The Arabic language is among the six most usable of the world’s major languages. The Arabic language is the language of the Qur’an, the holy book of Islam. So, the Arabic language is wildly used among Muslims around the world too. With this variety of usage, there are people with disorders who use the Arabic language for communication. There are different devices that are used to help people with speech disabilities communicate better with others. One of these devices is the Servox Digital Electro-Larynx (EL). The quality of the speech generated with this device is not good enough, especially for the Arabic language. Thus, in this research, we developed an autoencoder model to better recognize spoken Arabic words by this device. First, we managed to gather a proper dataset from males, females, and children from Iraq that speak Arabic language as their mother tongue. Then we utilize the developed framework based on this dataset to recognize spoken words correctly. The proposed structure comprised steps like preprocessing, denoising, and recognition. Based on the nature of the signals, we developed an autoencoder using LSTM, GRU, and a combination of them. The experimental result of the proposed model has shown a 95.31% recognition rate on the testing set. In order to justify the proposed model, we have compared the results of this model with similar Arabic speech recognition.
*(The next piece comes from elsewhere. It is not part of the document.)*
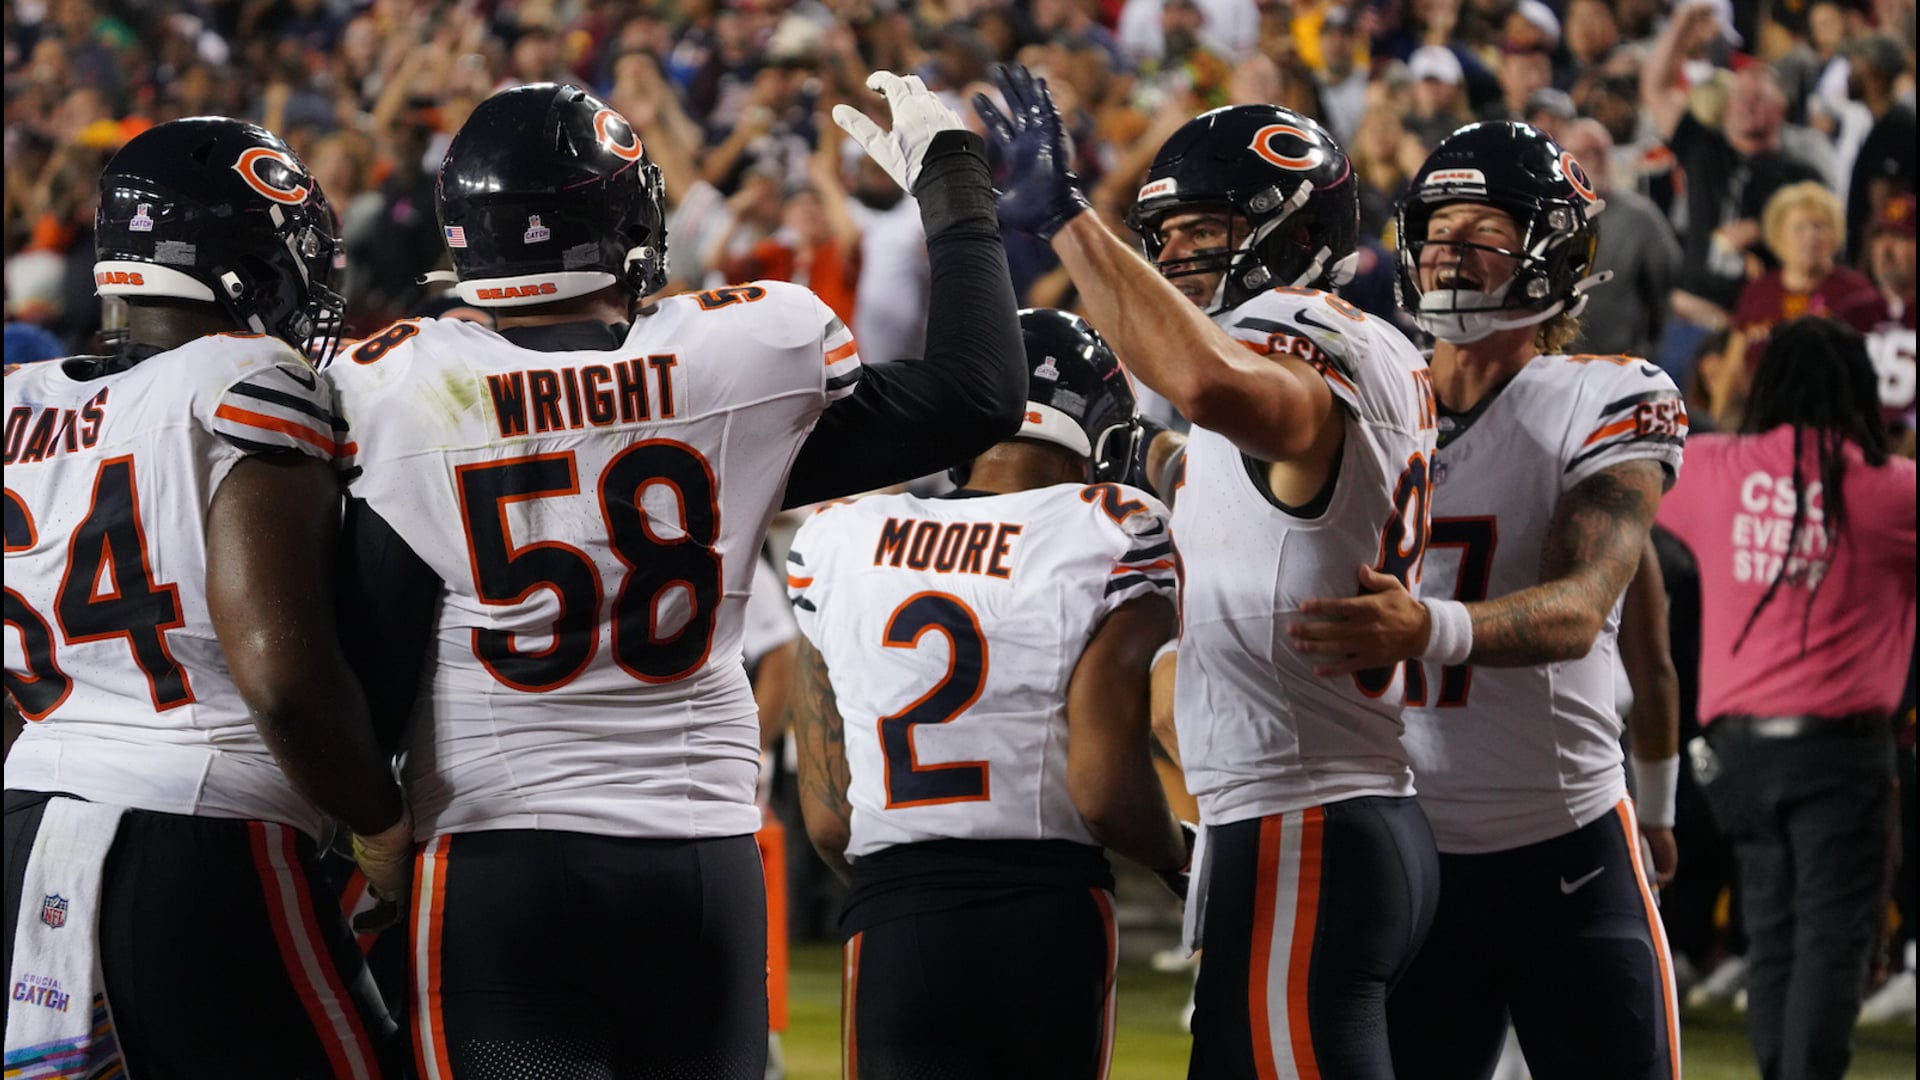 Bears Offensive Huddle Orange Uniforms - Marquee Sports Network

As it is shown in Table 4 the proposed structure got better results in comparison with similar work in the case of recognition accuracy and WER. Also, based on the obtained result in Figure 8 the proposed model has shown 99% accuracy for the recognition of spoken digits in the Arabic language. This result is superior to [13]. Furthermore, the proposed structure is evaluated by noisy signals that are totally corrupted, which confirms the capability of the proposed model for dealing with such signals.

7. Conclusion

This research focused on developing a deep learning model based on a combination of LSTM and GRU memory cells for Arabic speech recognition. First, we managed to gather a proper dataset from males, females, and children from Iraq that speak the Arabic language as their mother tongue. Then we utilize the developed framework based on this dataset to recognize spoken words correctly. The proposed structure comprised steps like preprocessing, denoising, and recognition. Based on the results, the developed Autoencoder using GRU, in both the encoder and decoder side demonstrated the best performance. Experimental results achieved about 95.31% accuracy for Arabic word recognition with a WER 4.097%. This research has introduced one of the practical solutions for Arabic speech recognition based on Servox Digital EL which is used for people with speech disorders towards improving their speaking performance.

Data Availability

The data that support the findings of this study are not openly available and are available from the corresponding author upon reasonable request.

Conflicts of Interest

The authors declare that they have no conflicts of interest.